Problem statement: Reproduce the whole listing exactly, omitting any picture it holds.

Information shown:
>>
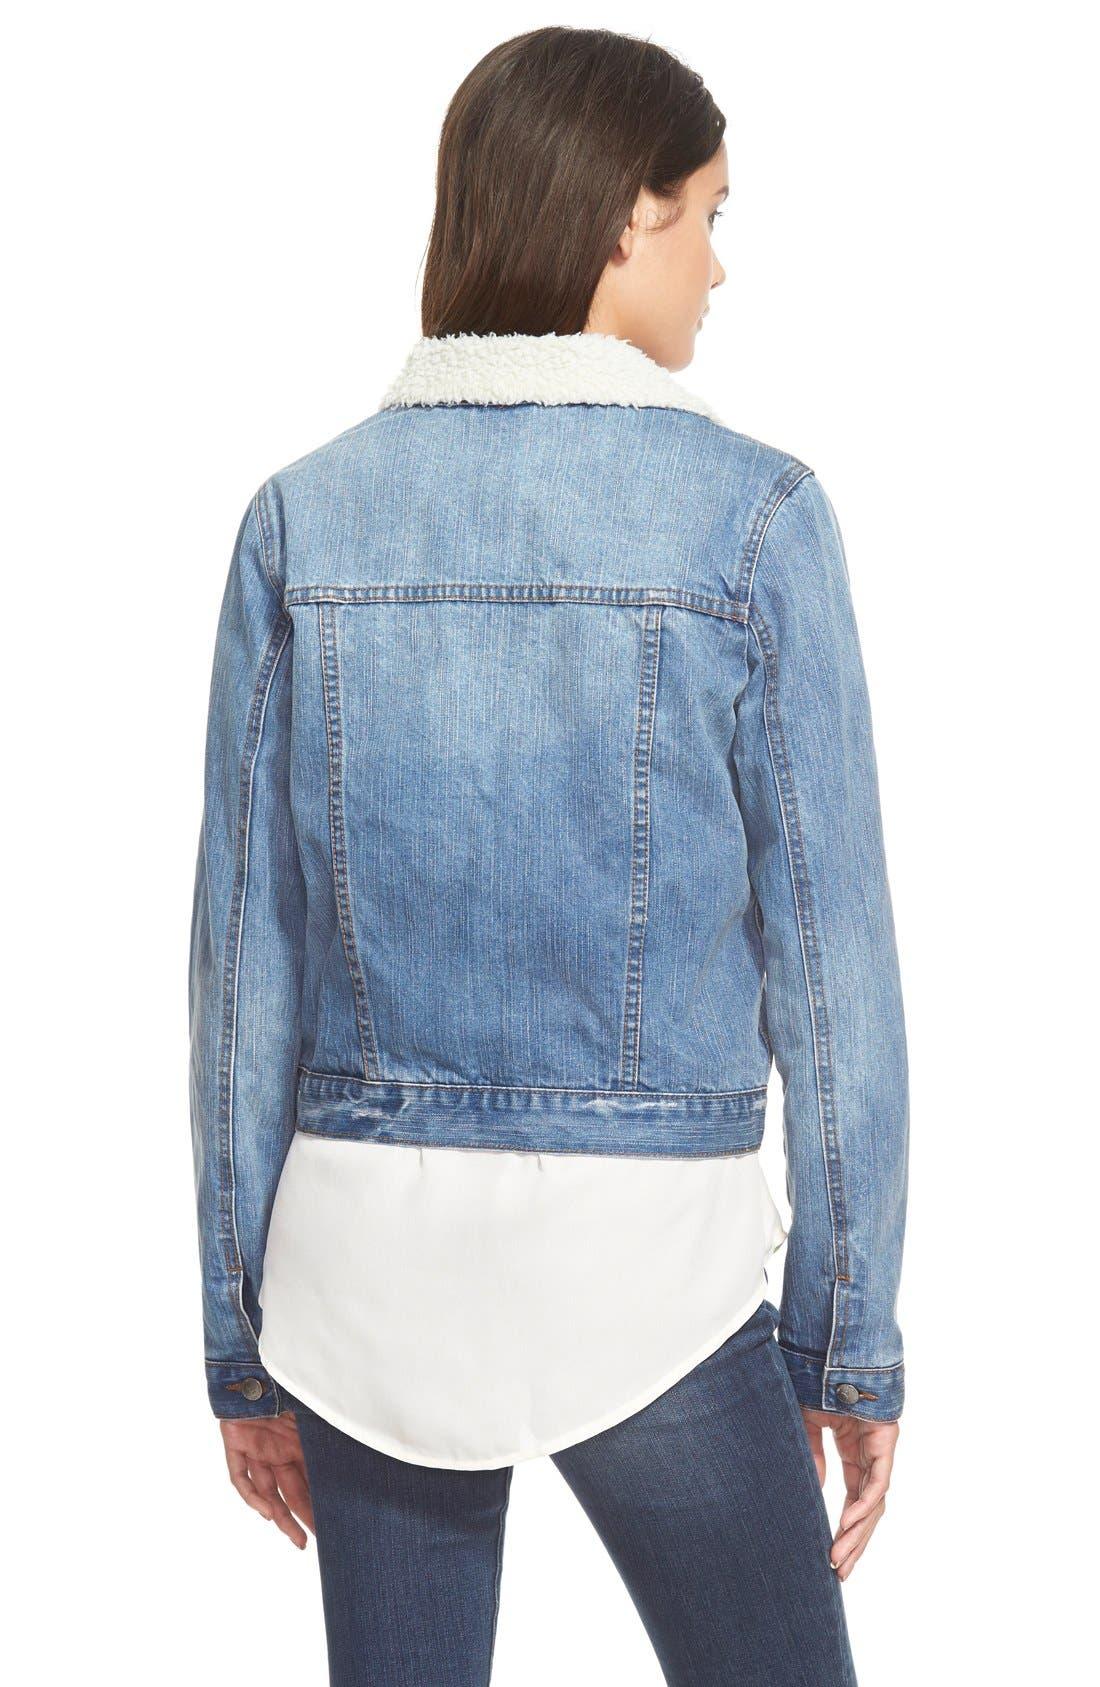 Alternate Image 3  - Thread & Supply 'Santa Fe' Denim Jacket (Juniors)
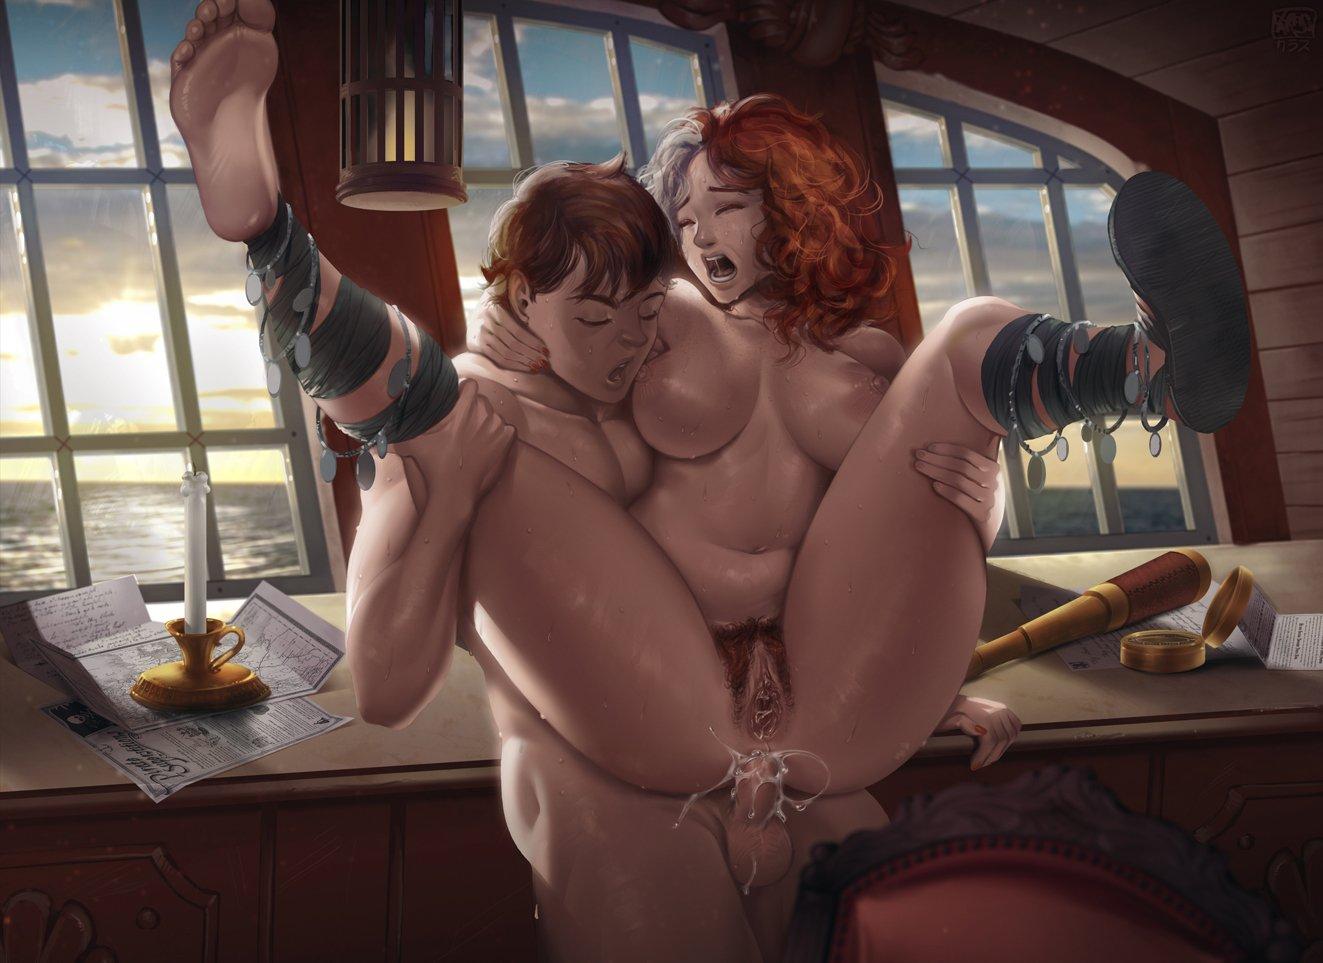 divinity mod nude original sin Sword art online suguha nude
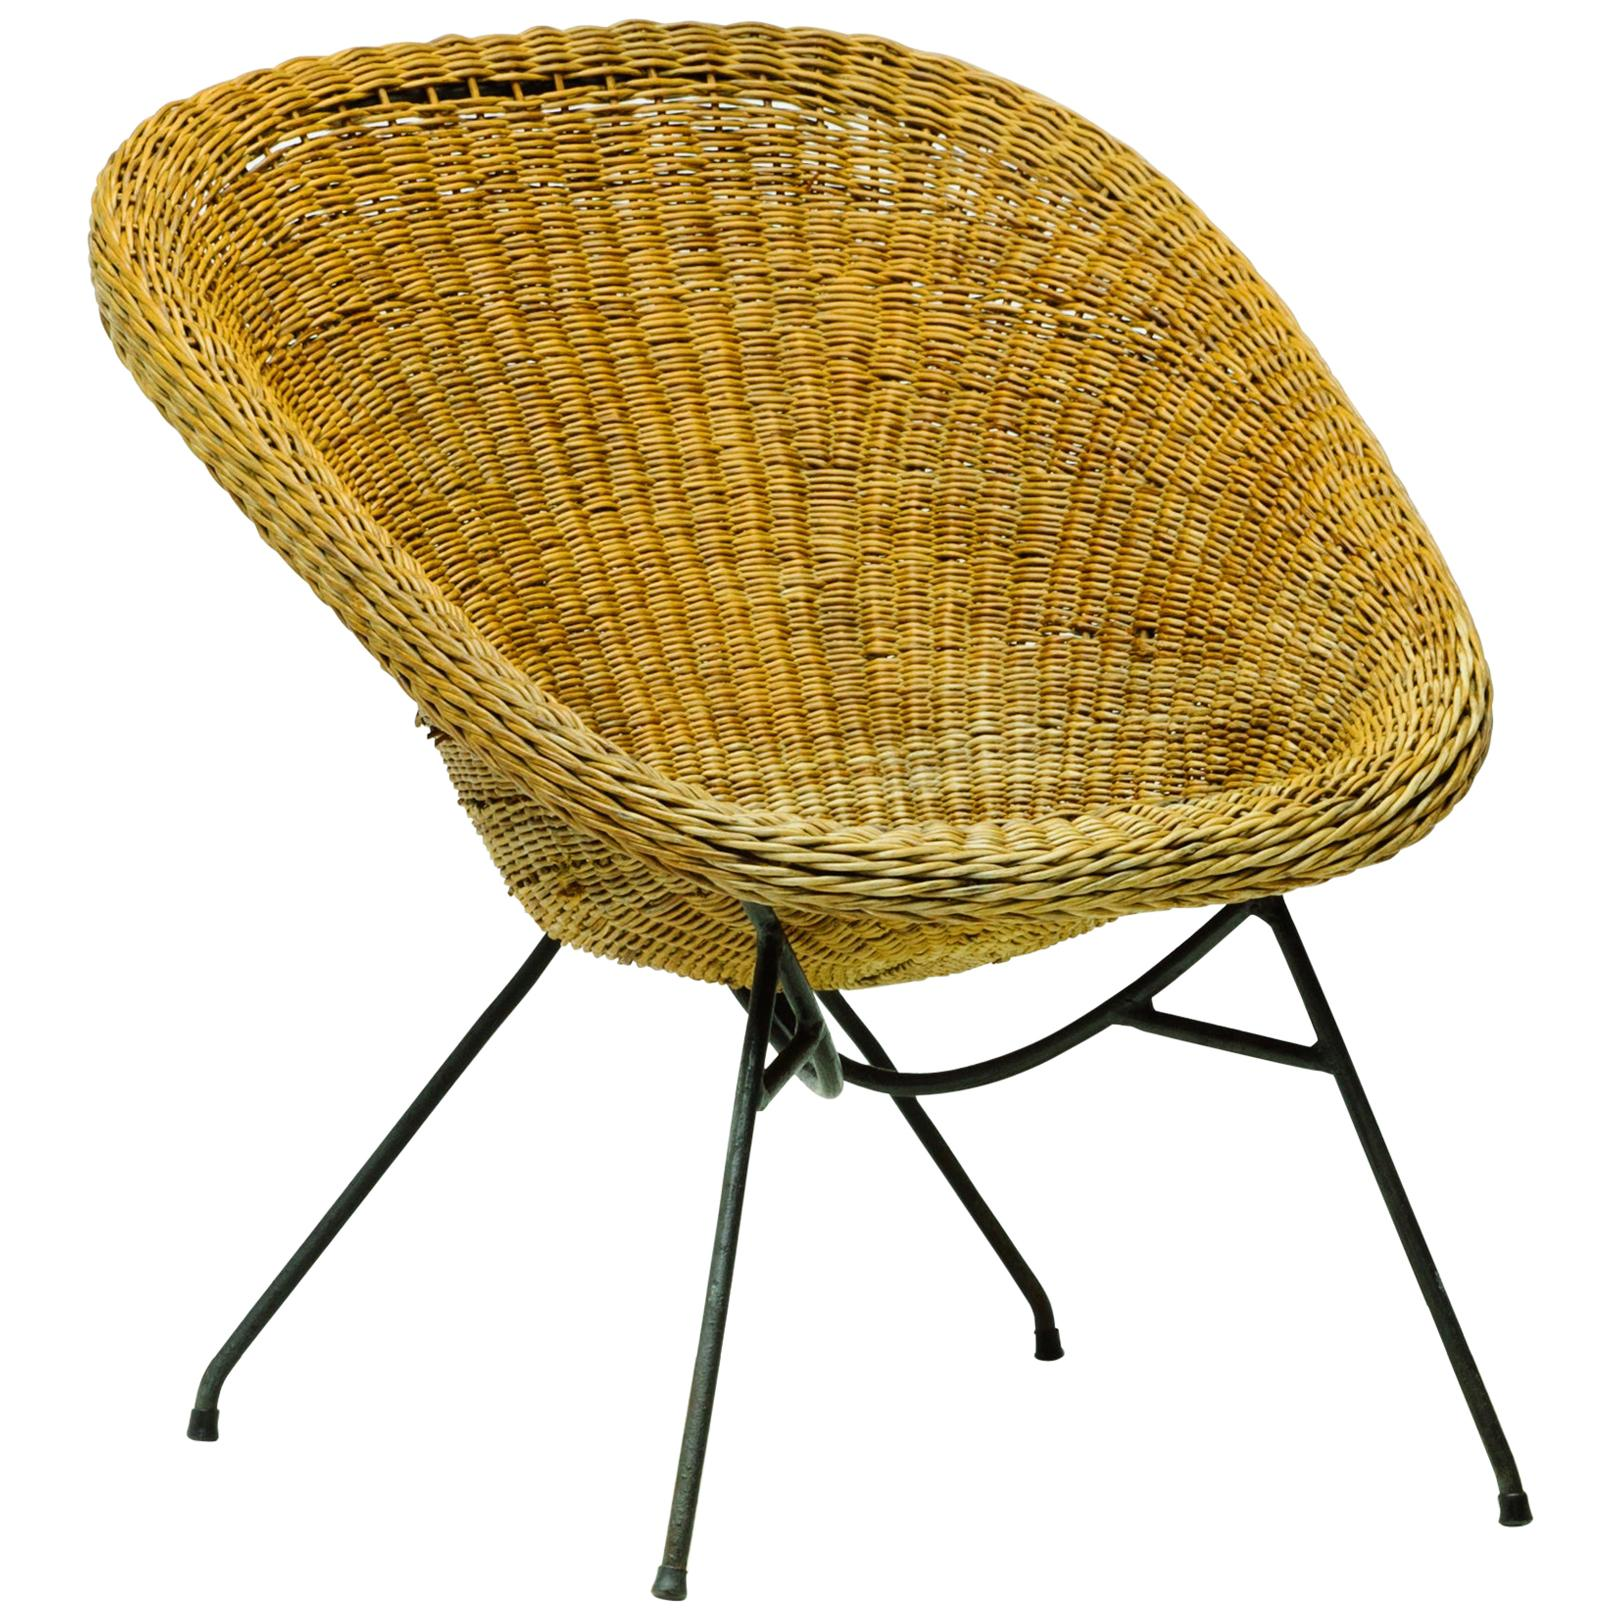 Wicker Armchair by Carlo Hauner and Martin Eisler, Brazilian Midcentury Design
<<
Solution:
 Alternate Image 3  - Thread & Supply 'Santa Fe' Denim Jacket (Juniors)
 divinity mod nude original sin Sword art online suguha nude
 Wicker Armchair by Carlo Hauner and Martin Eisler, Brazilian Midcentury Design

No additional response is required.